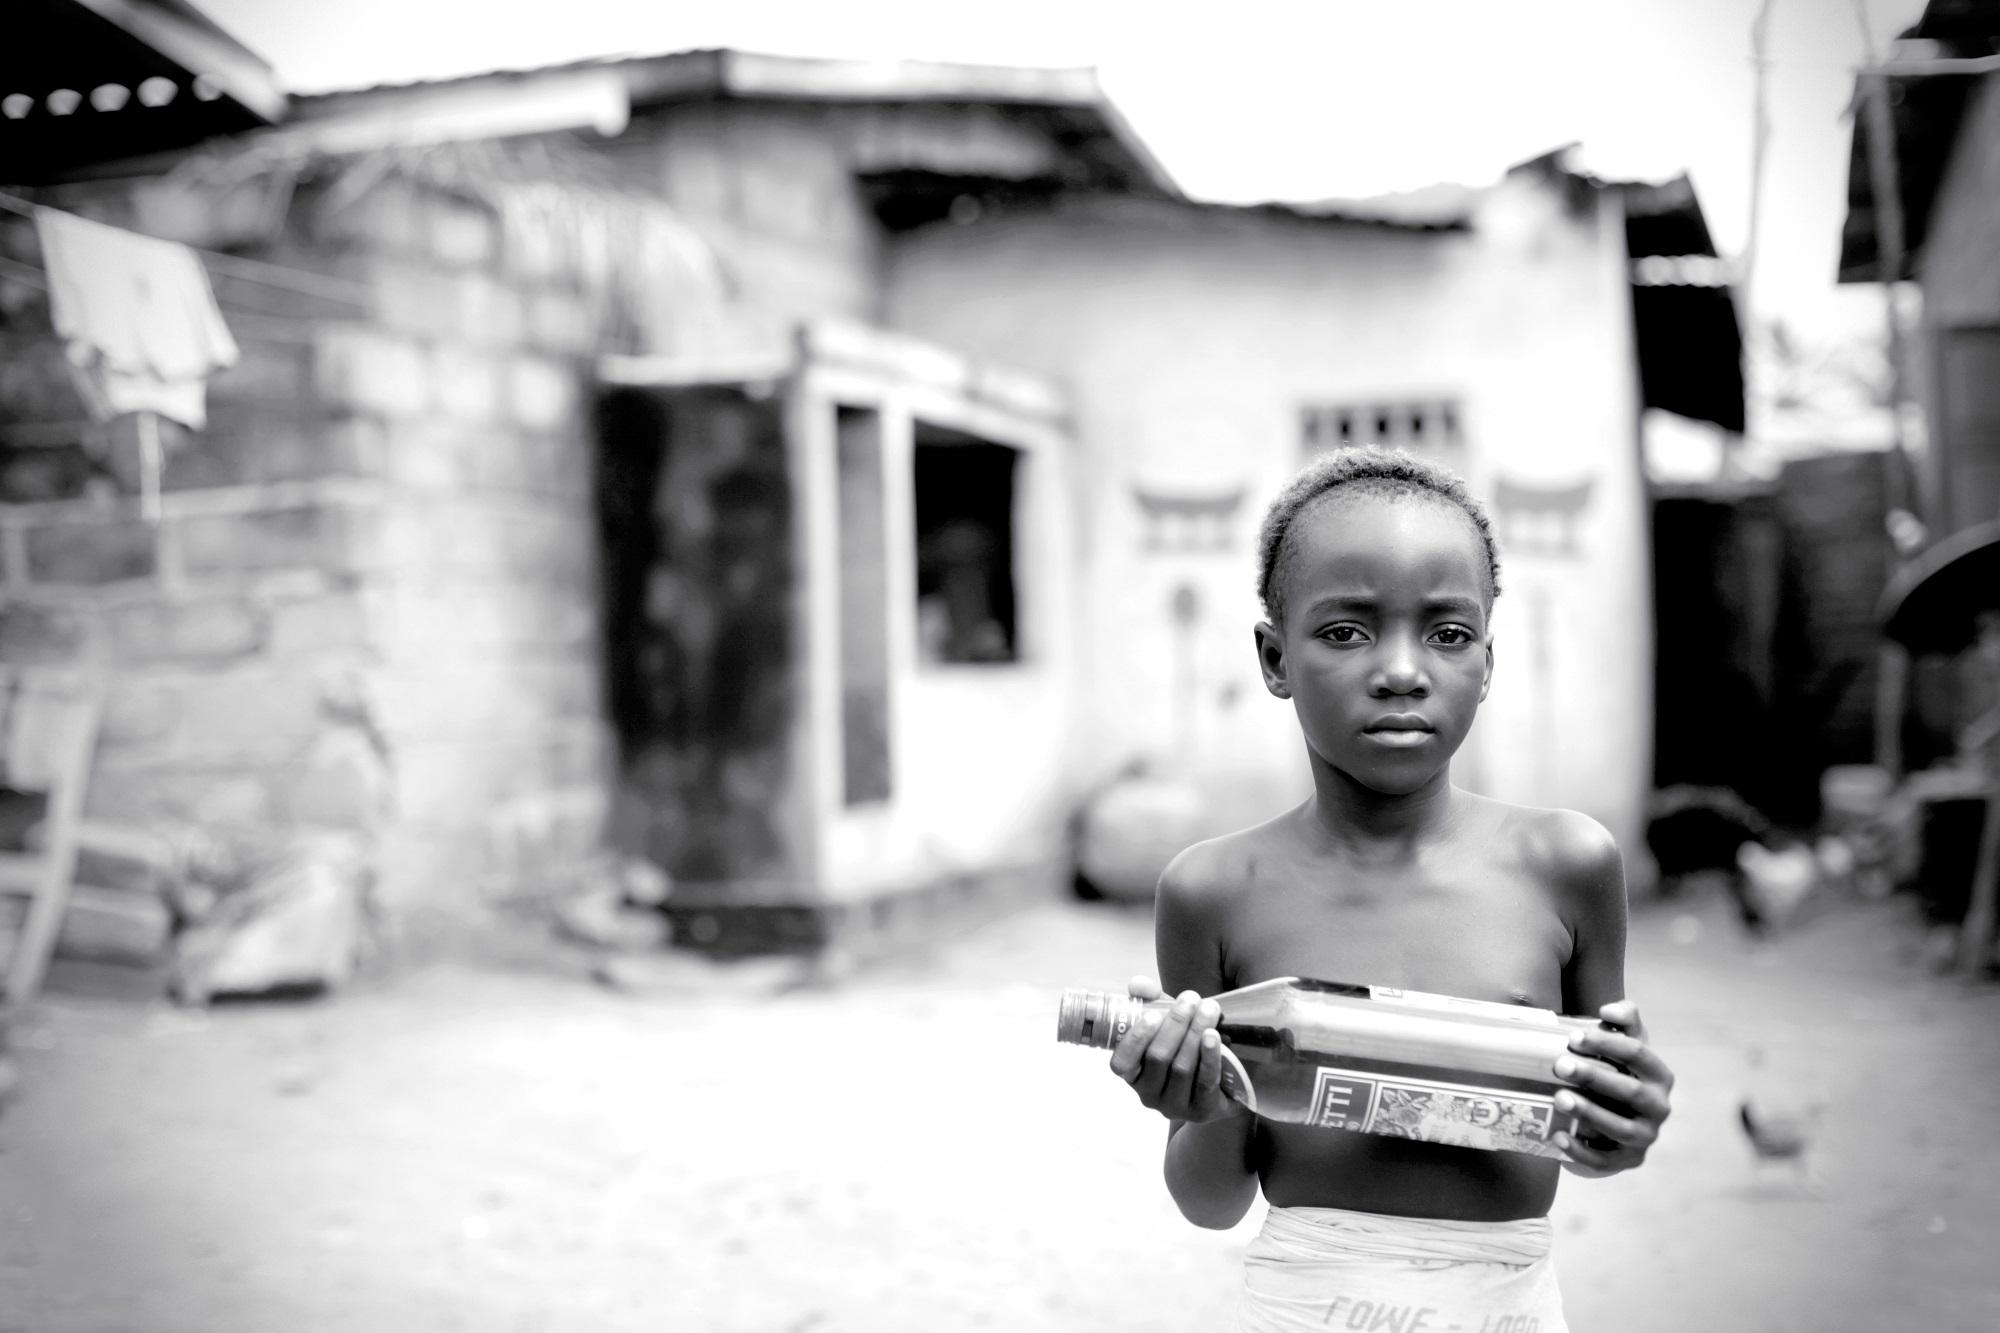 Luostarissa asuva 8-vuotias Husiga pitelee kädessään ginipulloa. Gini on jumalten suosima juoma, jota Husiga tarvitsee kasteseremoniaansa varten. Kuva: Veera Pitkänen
+===+
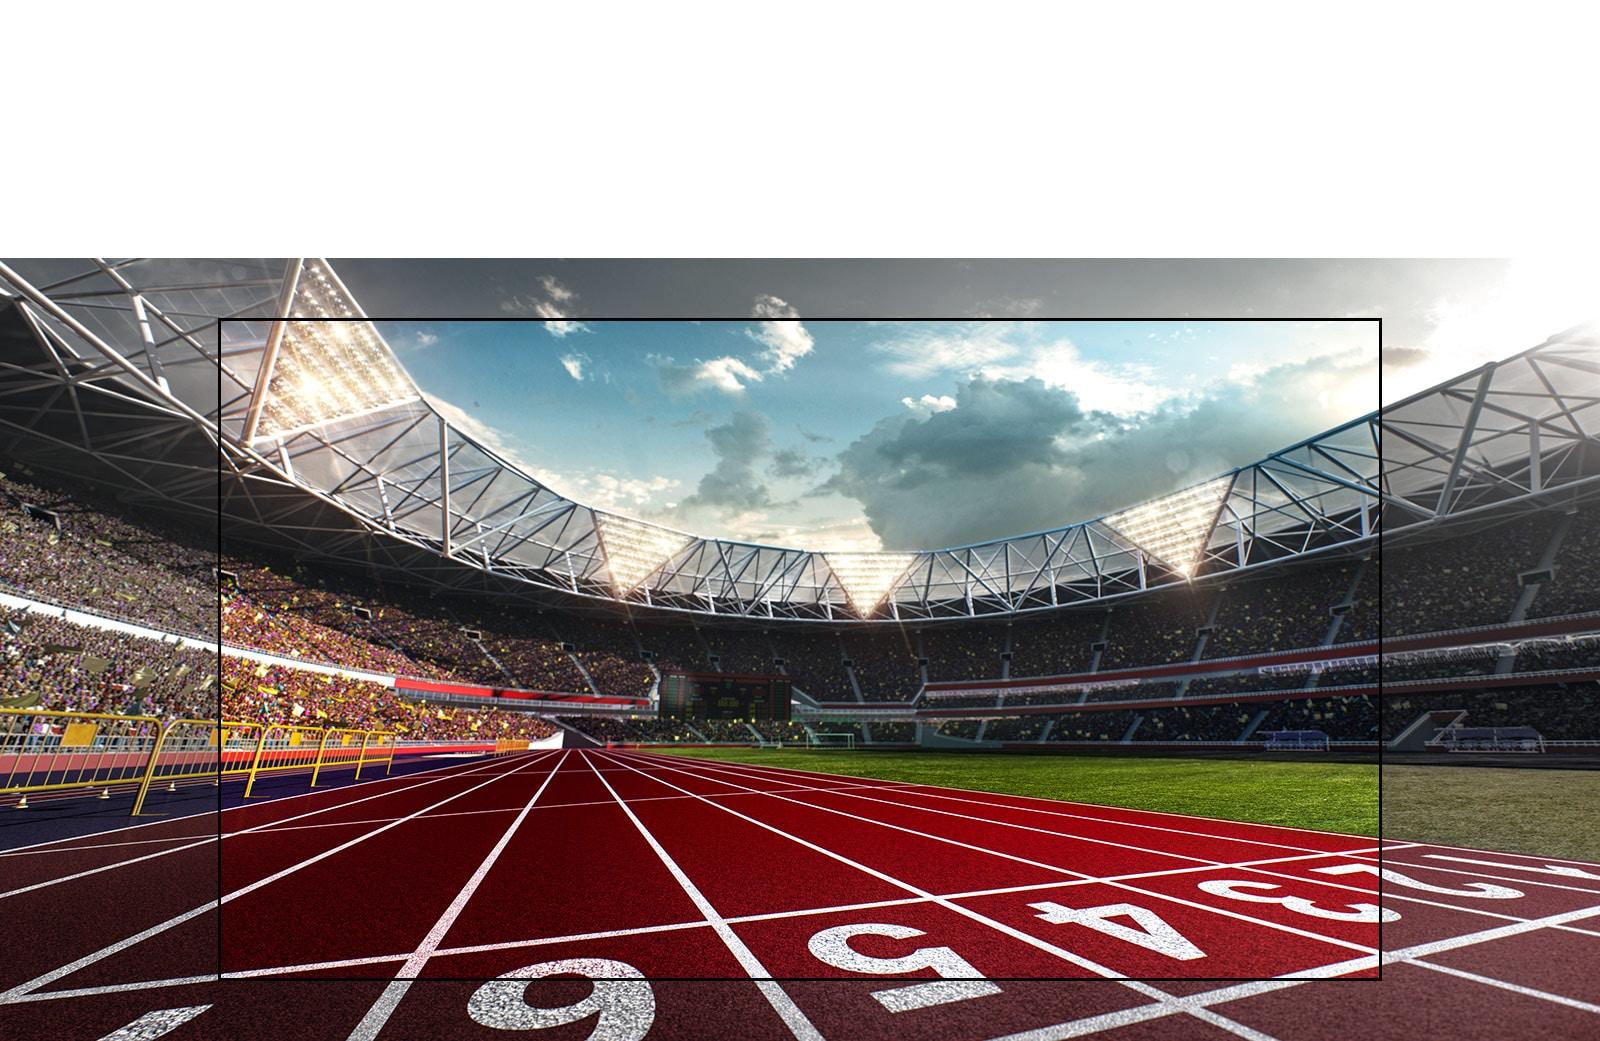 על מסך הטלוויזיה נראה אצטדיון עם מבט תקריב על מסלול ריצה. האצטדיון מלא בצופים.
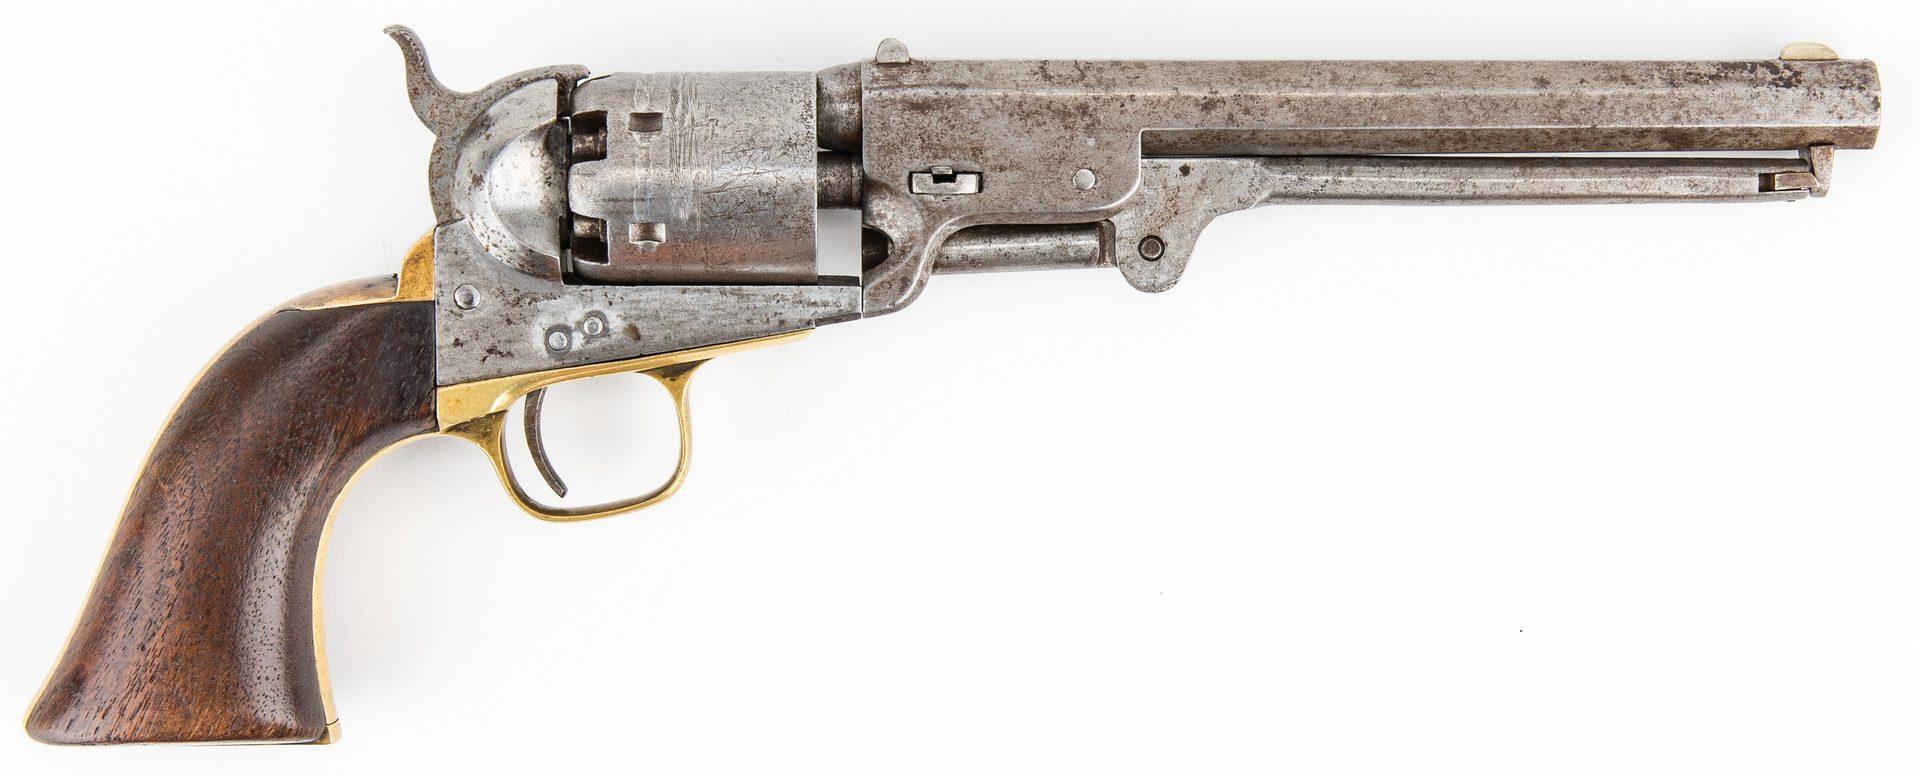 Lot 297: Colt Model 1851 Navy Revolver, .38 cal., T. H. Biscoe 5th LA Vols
+===+
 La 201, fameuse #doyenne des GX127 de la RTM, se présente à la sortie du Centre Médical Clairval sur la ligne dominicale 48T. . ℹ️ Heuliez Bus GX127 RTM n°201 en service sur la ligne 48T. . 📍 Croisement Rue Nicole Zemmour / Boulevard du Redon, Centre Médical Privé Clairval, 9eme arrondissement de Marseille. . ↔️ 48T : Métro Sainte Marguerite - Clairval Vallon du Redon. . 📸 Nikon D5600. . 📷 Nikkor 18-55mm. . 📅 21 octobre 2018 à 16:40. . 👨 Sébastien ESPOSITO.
+===+
Task item ▸ The answer is the lines of the material above, from the one containing "על מסך הטלוויזיה" down to the one containing "Lot 297: Colt", given exactly and without images.

Response ▸
 על מסך הטלוויזיה נראה אצטדיון עם מבט תקריב על מסלול ריצה. האצטדיון מלא בצופים.
 Lot 297: Colt Model 1851 Navy Revolver, .38 cal., T. H. Biscoe 5th LA Vols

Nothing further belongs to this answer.